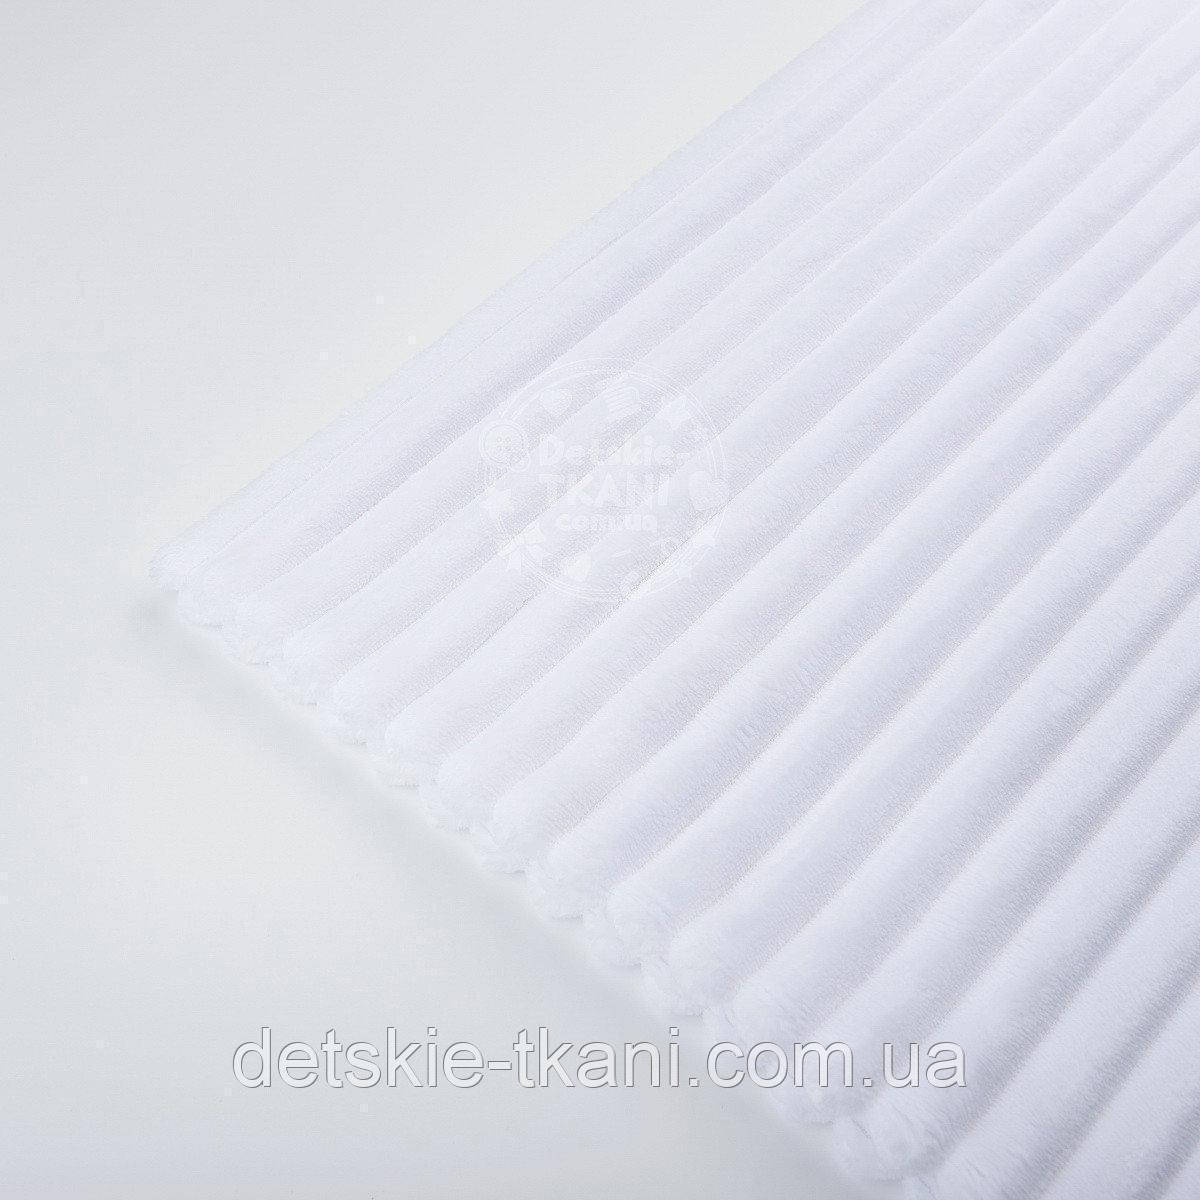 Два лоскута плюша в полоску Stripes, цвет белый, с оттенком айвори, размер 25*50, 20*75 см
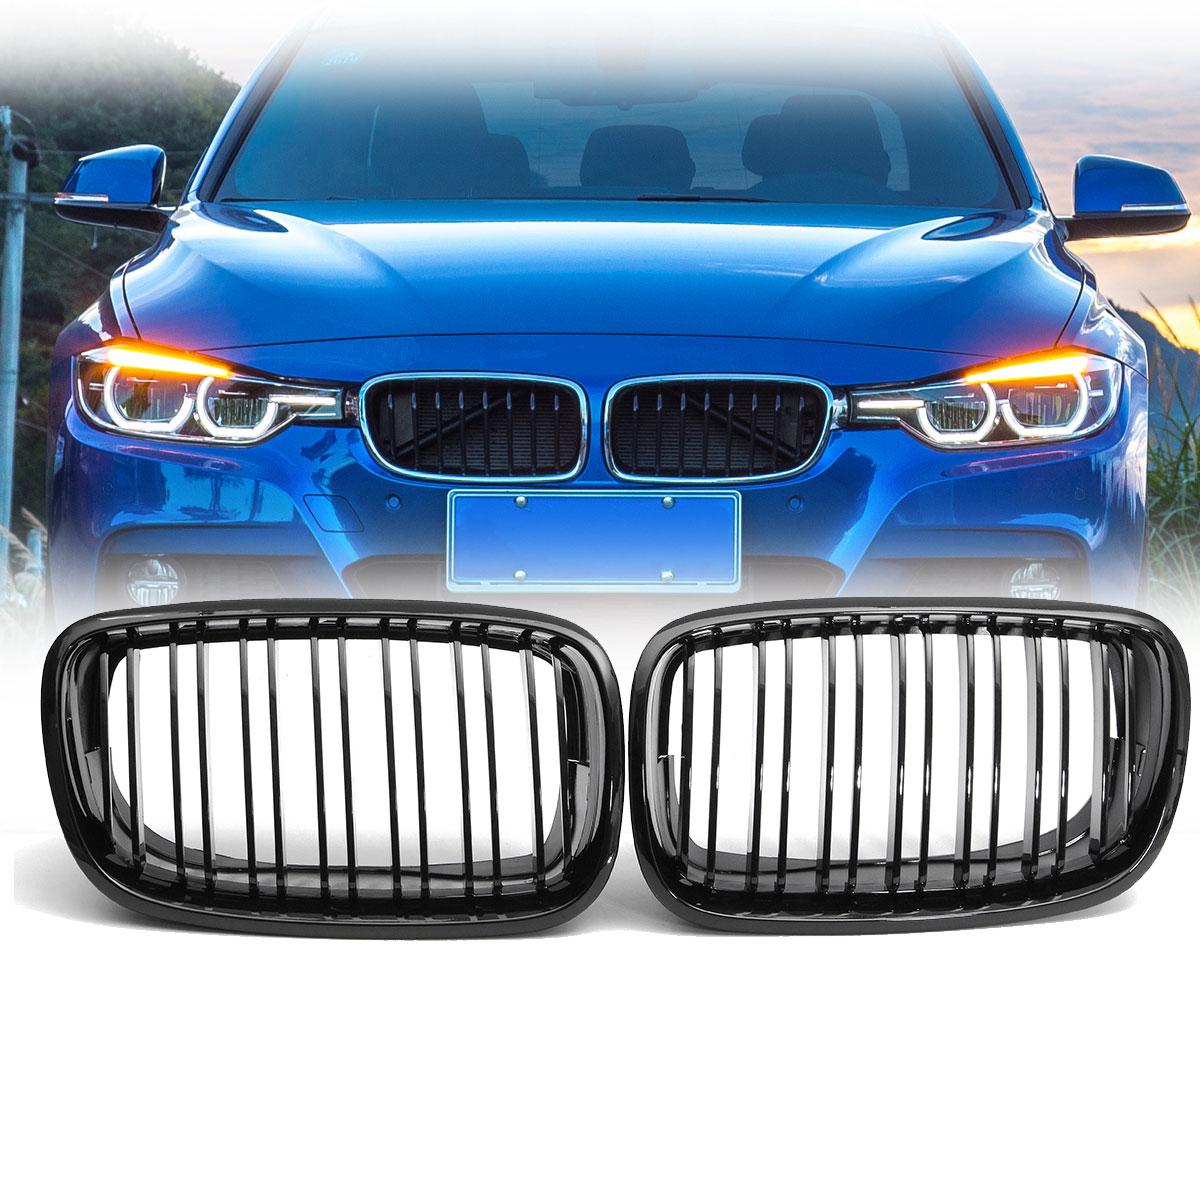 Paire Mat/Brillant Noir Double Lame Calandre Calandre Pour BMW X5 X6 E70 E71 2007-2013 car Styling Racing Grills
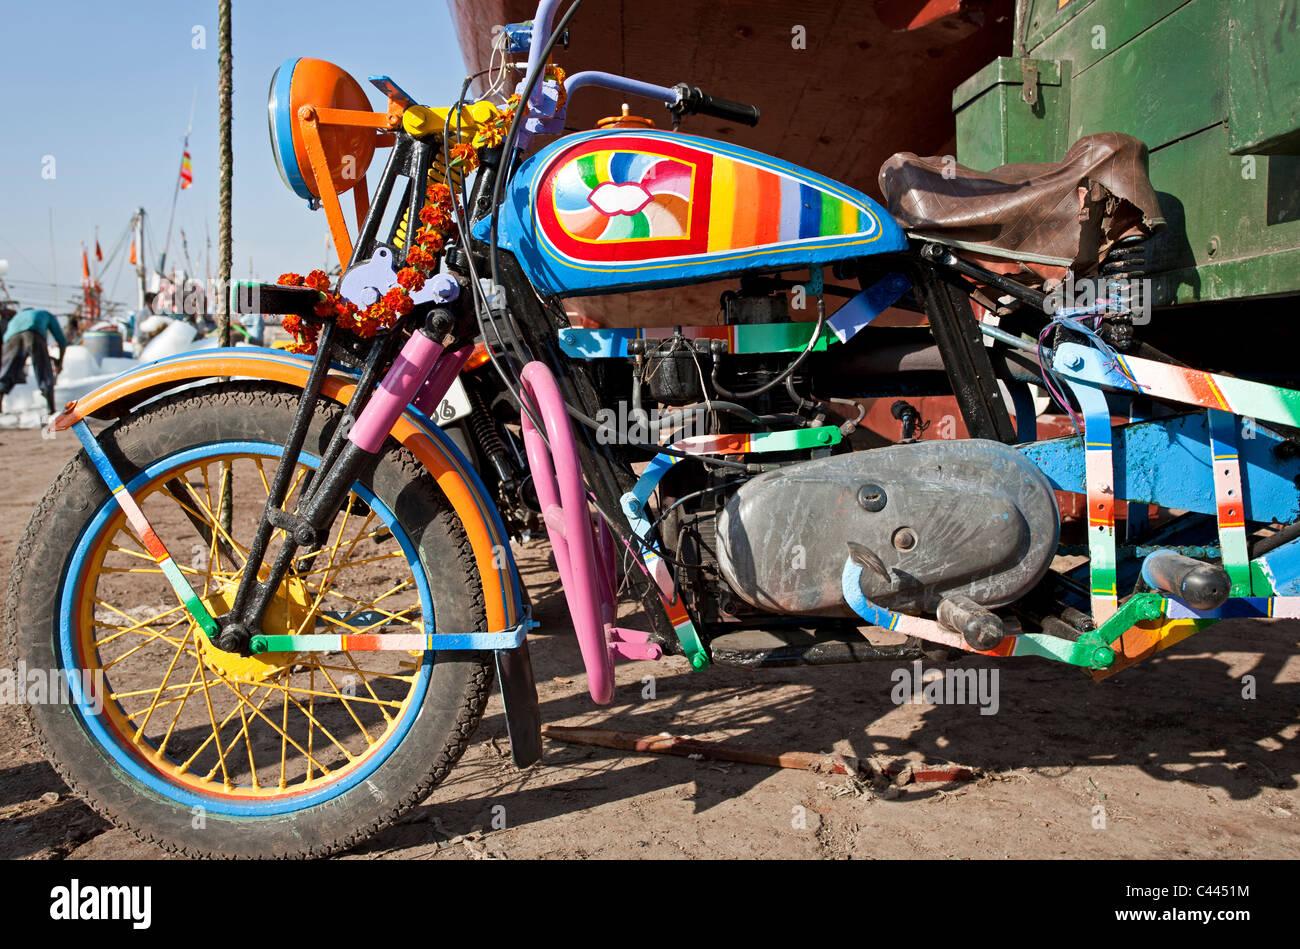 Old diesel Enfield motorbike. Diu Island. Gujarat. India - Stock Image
---
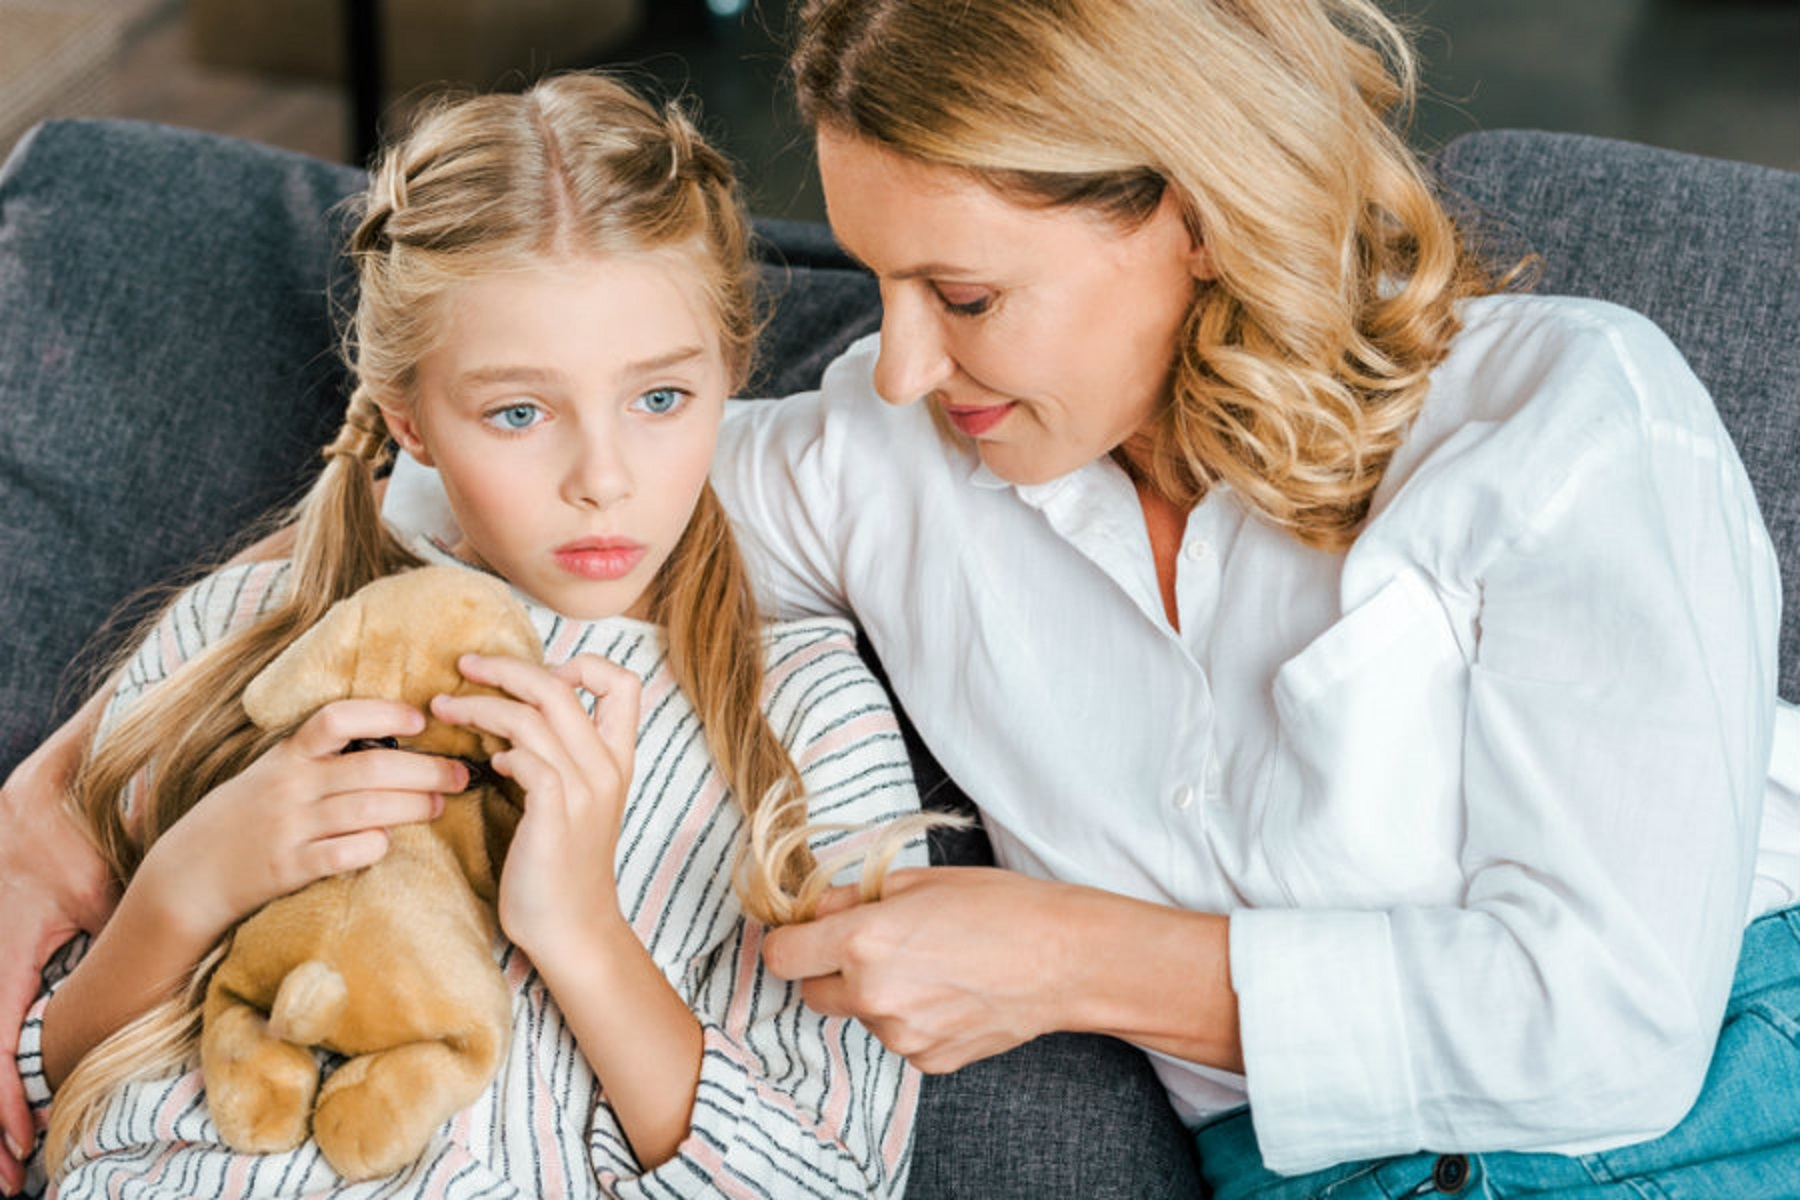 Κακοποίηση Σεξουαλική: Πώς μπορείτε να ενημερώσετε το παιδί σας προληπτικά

» **What is required**:
Write out word for word the lines of the listing above from the line with "Paire Mat/Brillant Noir" to the line with "Old diesel Enfield", taking in both of those lines but no pictures.

» **Expected output**:
 Paire Mat/Brillant Noir Double Lame Calandre Calandre Pour BMW X5 X6 E70 E71 2007-2013 car Styling Racing Grills
 Old diesel Enfield motorbike. Diu Island. Gujarat. India - Stock Image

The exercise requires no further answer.